In a recent post by Rutherford Lawson, a fellow OS member, and hardcore "libertarian" who goes by the pen name UncleChri, has argued in several comments that Medicare is the main contributing factor that drove the U.S. health care expenditure to unprecedented levels. To put it more bluntly, the ballooning health care cost is all the big bad government's fault, a theme this OS member is always happy to repeat any chance he gets.
To support his claim, he referred us to an OECD website, which contains historical data related to health care expenditures for numerous countries around the world. In his words:
"Download the Excel file, find the "Healthcost as % GDP" tab and look for yourself at what happened to health costs after 1967, so that you can make up your own mind."
Knowing that this dude often has troubles with getting his facts straight, I decided to check out the 'Excel file' and examine the data more closely. After extracting and manipulating the data, I produced a series of graphs for your pleasure and elucidation. For this nifty analysis, I also pulled out data for a few industrialized countries for comparison purposes.
You can see the first figure here, which focuses on the U.S. and Canada:
Figure 1. Health care expenditure as a function % GDP: Canada vs US. (source: OECD)
Does the figure show that Medicare significantly increased health care expenditure? The answer is obviously No.
You'll first notice that when Medicare was introduced in 1965, the data points followed the same trend as the ones observed for Canada (same with other industrialized countries, such as Norway and France, as shown below) until 1971. If the hypothesis is true, one would expect a huge increase in expenditure after 1966, which cannot be seen in this figure. Only a very slight change in rate can be observed in 1967, but given the fact that other countries had similar changes or rates, this cannot be solely attributed to the introduction of Medicare. The changes may essentially be attributed to a more global effect.
But I'm sure some will argue that the expenditure linked to Medicare could potentially have increased drastically, which would then explain the disparity noted after Reagan took office in 1980. We'll get to the latter later, but since the Medicare expenditure has only increased from 0% to about 2% of the GDP between 1965 and 2005, this argument actually falls flat:
Figure 2. Medicare expenditure as a function of % GDP.
If you think that removing Medicare, as Paul Ryan as suggested a few months ago, and replace it with private health care accounts will save us, think again. It won't be pretty, as I discussed here.
The first figure above also shows a very interesting phenomenon. As the avid reader will notice, after the single-payer system was implemented in every Canadian province, the health care expenditure started to drop or level off for several years, before starting to increase again in the late 70s. However, the rate is much lower than the one witnessed with the U.S. data. In fact, the increase in health care expenditure in Canada is at par with other industrialized countries, as shown below:
Figure 3. Health care expenditure as a function of % GDP for a sample of industrialized countries. (source: OECD)
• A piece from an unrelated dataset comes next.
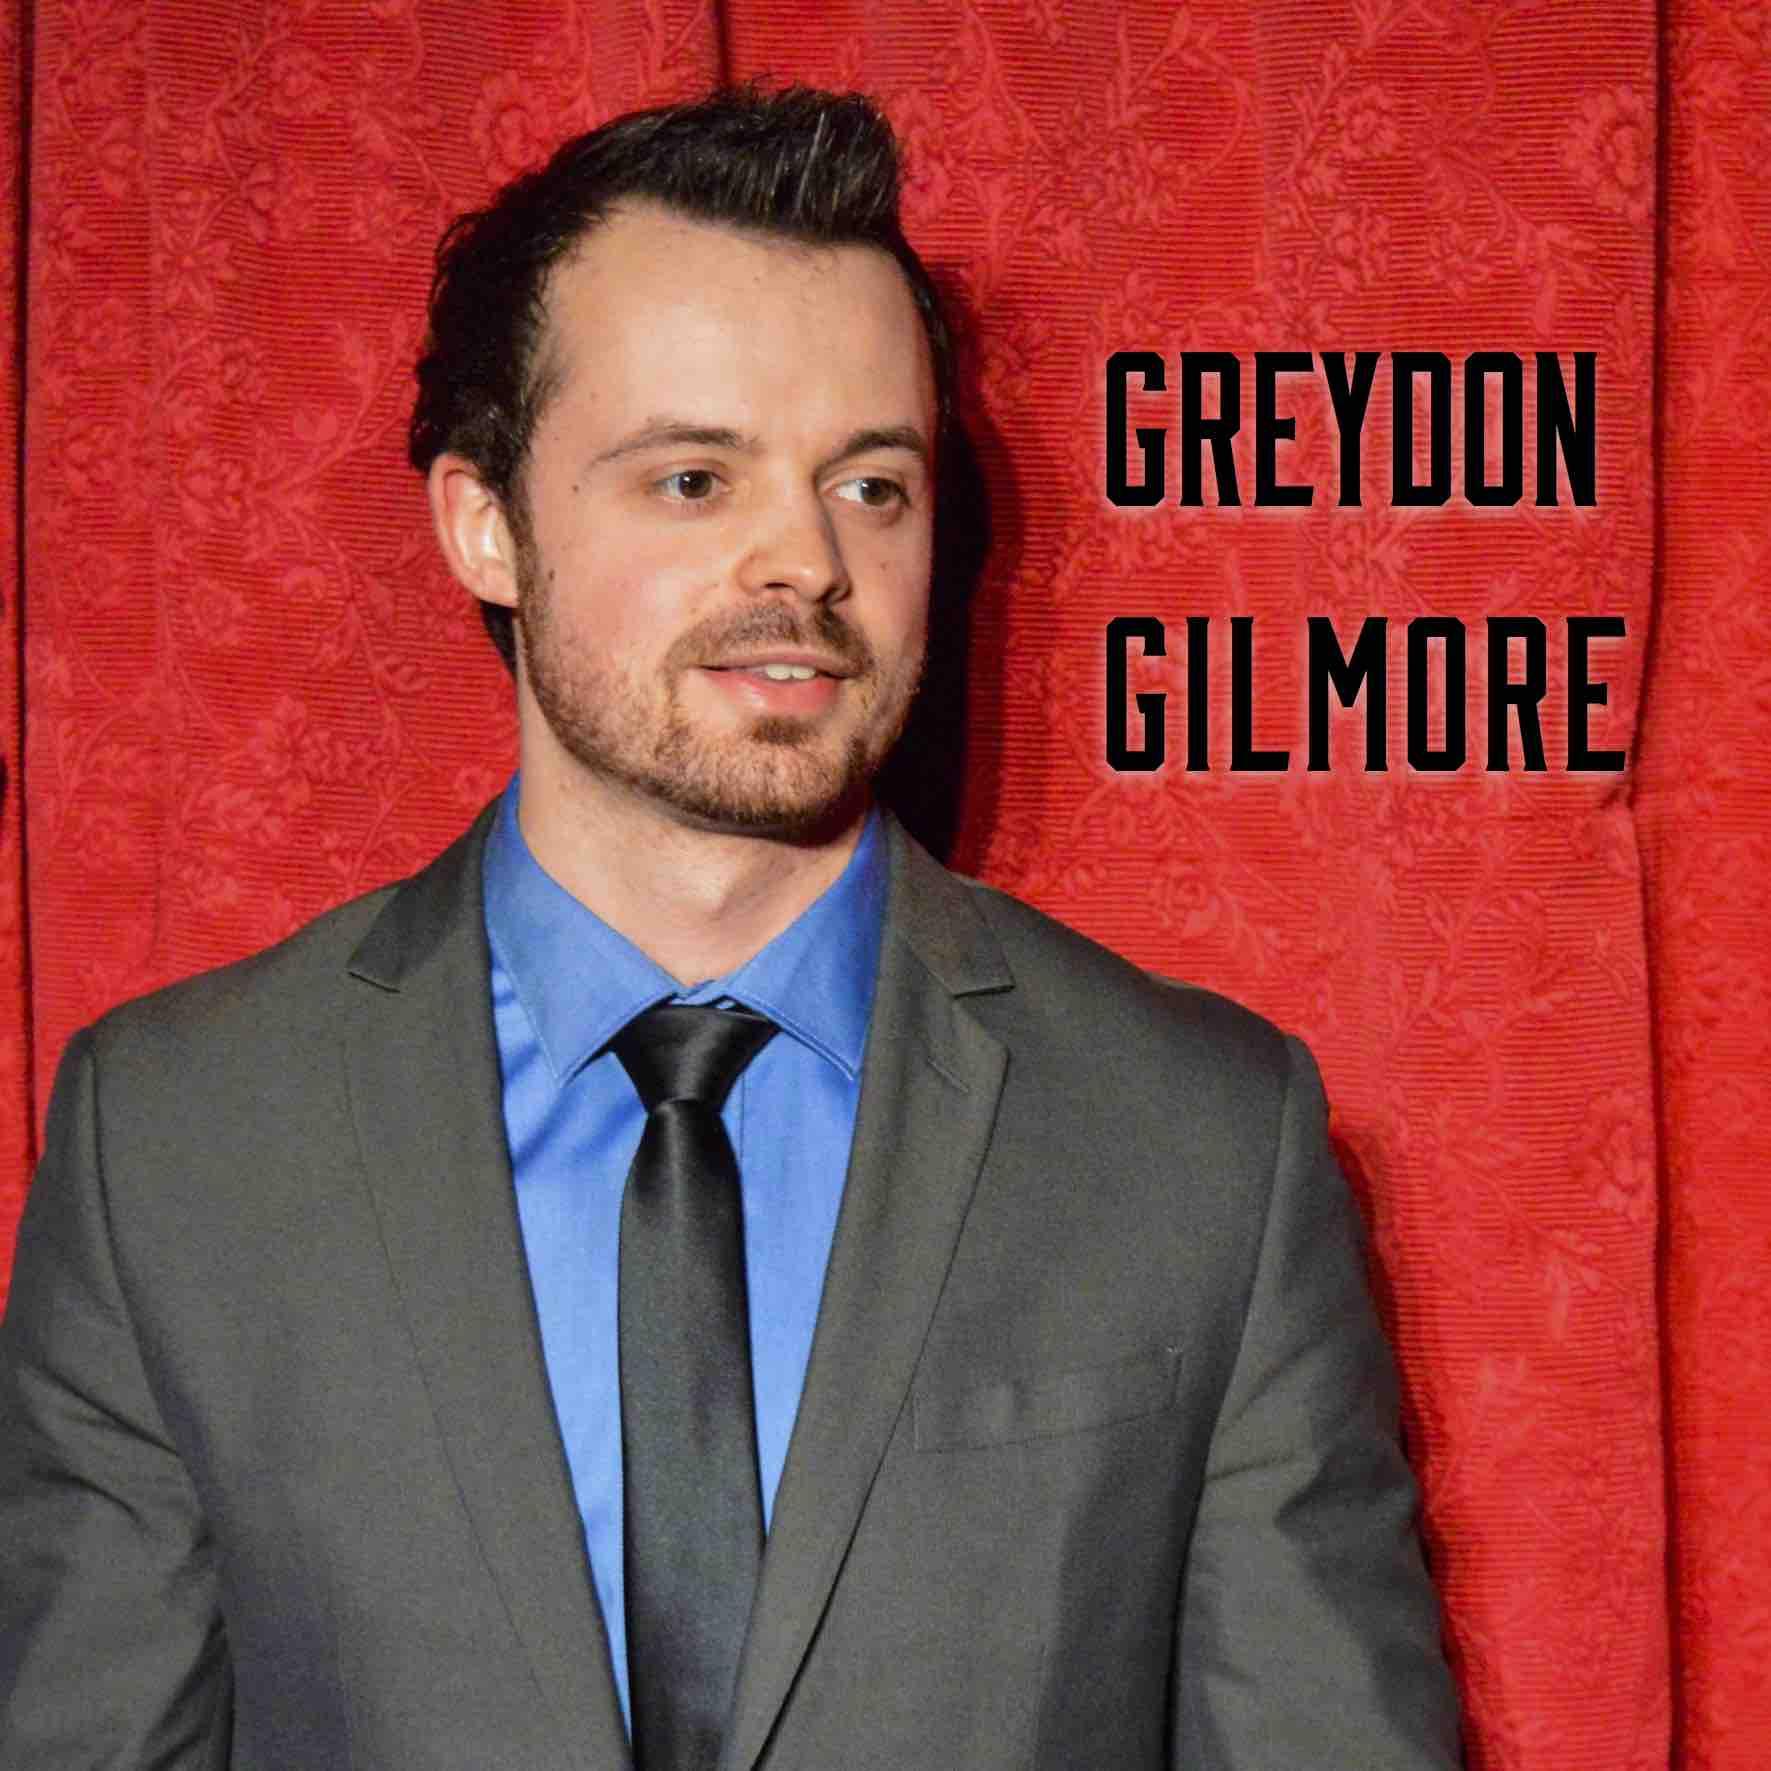 Gilmore-Greydon.jpg

How is it possible that a system, which includes every citizen, reduces health care expenditures? As some of you already know, I previously discussed that the single-payer system is much more efficient to control or manage health care costs. I won't bore you with the details, but you can find my 'theoretical' posts here and here on this subject. I'm glad to see that my academic viewpoints have real practical applications.
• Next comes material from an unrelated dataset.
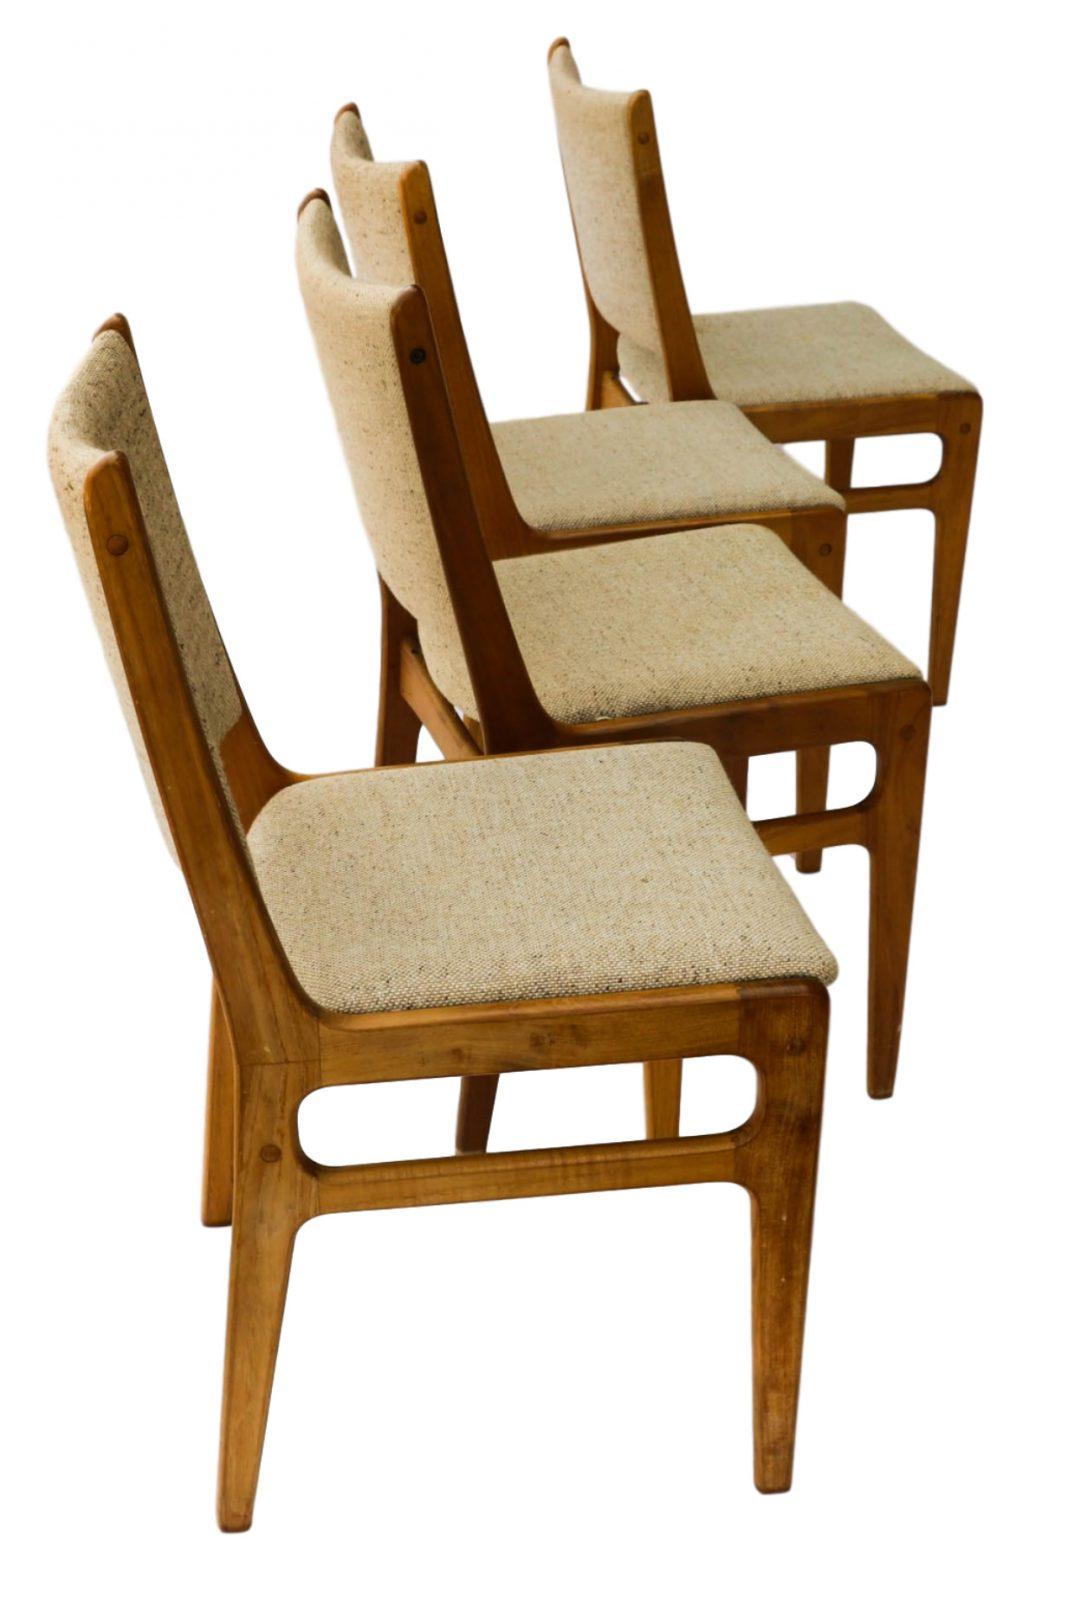 Vintage D Scan Danish Teak Dining Chairs Four

Imagine if Nixon had put his flawed ideology aside and implemented a single-payer system (or a similar true public-private system that covered everyone), the curve may have looked like the bottom one in Figure 1.
Now that we have shown that Medicare (and Medicaid) isn't the driving factor, what can explain the explosion in health care expenditures? A potential answer can be found in the 1980-2009 time period. A closer look at Figure 1 shows that the cost has increased significantly after Reagan became President. A 'jump' can be seen in 1981-1982, which was followed by an exponential increase until about 1992, where the expenditure became leveled (the Clinton years). In 2001-2003, we saw another large leap in expenditure, which remained constant until President Obama took office. In 2009, we can yet again see another significant increase in costs. However, this could be attributed to more global effects, since all countries experienced the same pattern. The fact that the global economy almost entirely collapsed has probable something to do with this increase.
Given the people who were leading the country during that time period, one can easily speculate that budget and tax cuts, deregulation, 'smaller government', and the increasing number of people who live below the poverty line or are uninsured played a significant role in the ballooning health care costs.
Despite everything that was discussed above, we nonetheless still need to ask this important question:
Why are the trends between the U.S. and the rest of the world so different after 1980?
On a final note, looking at the last 40 years, the global trend is certainly not going down. Is the U.S. health care system on its way to bankruptcy? Experts interviewed on a PBS segment two years ago think so.